Does disk.frame allow to work with large lists in R?

71 Views Asked by At

I am producing a very big datasets (>120 Gb), which are actually a list of named (100x100x3) matrices. A very large lists (millions of records). They are then fed to CNN and classified to one of 4 categories. Processing this amount of data at once is taedious and it often stuck my RAM, so I would like to split my dataset into chunks and process the chunks in parallel.

I found a few packages: bigmemory and disk.frame look most suitable. But do they accept lists? Or maybe there are better solutions for lists?

2

There are 2 best solutions below

0
ramen On

I had to adjust my data to data.table format, so I did something like this:

I need it to be named, so I extracted names to the vec:

  nameslist <- names(list1)

I converted my list to data.table ("chunk" are my original data from the list1 used as the dummy; this is nested list of matrices; 3 matrices per name to be specific)

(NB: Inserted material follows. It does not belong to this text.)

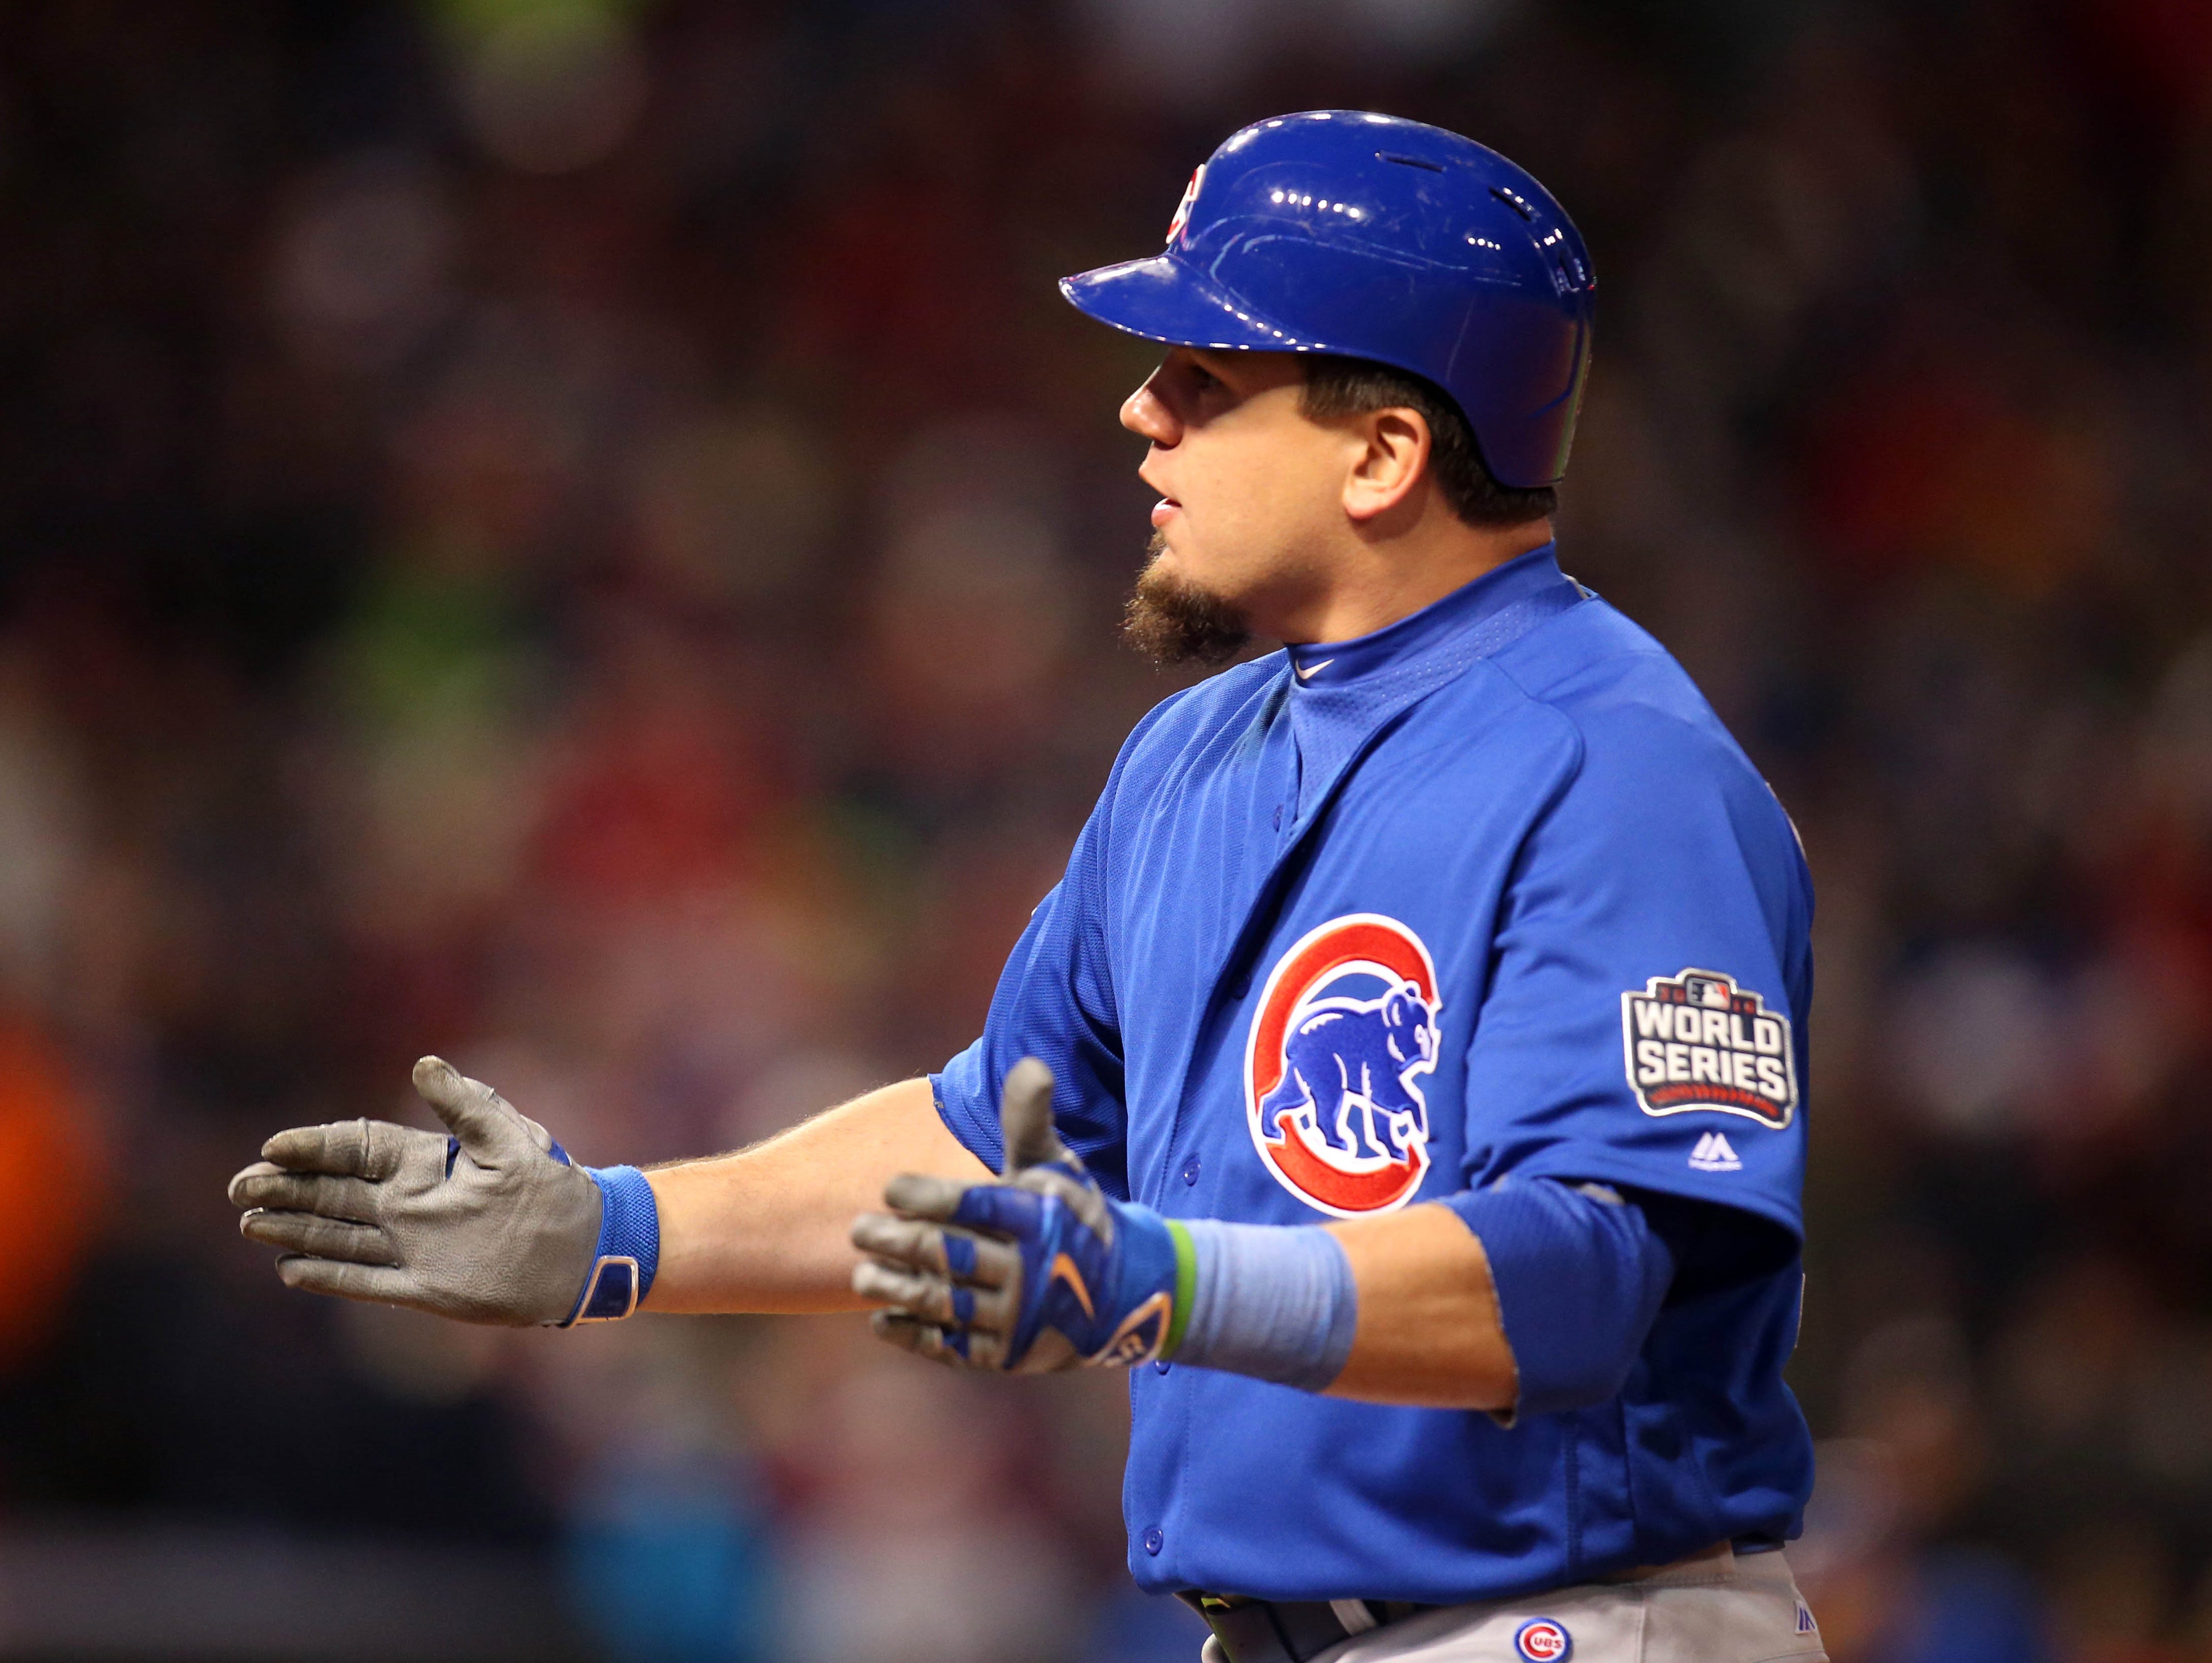 Chicago Cubs player Kyle Schwarber (12) reacts after hitting a RBI single against the Cleveland Indians in the third inning in game two of the 2016 World Series at Progressive Field.

dummy_dframe <- data.frame(name= nameslist, chunk = I(list1))

I tried to convert it into the disk.frame:

dummy_diskframe <- as.disk.frame(dummy_dframe)

Then I encountered a following error:

Error in `[.data.table`(df, , { :
The data frame contains these list-columns: 'chunk'. List-columns are not yet supported by disk.frame. Remove these columns to create a disk.frame

So no way to use this for nested list of matrices.

After that I changed approach and decided to process the dummy data.table with column containing name and column containing matrix - I created this in a two-step fashion, based on this thread (used Jonathan Gellar's example):

data.frame with a column containing a matrix in R

Under this scenario, the disk.frame threw another type of error:

Error in `[.data.table`(df, , { :
Column 2 ['mat'] is length 4 but column 1 is length 2; malformed data.table.

So, nope, unfortunately this is not the solution I could use with my datasets. I share this, so other ppl could spare their time.

0
xiaodai On

{disk.frame} only works with tabular data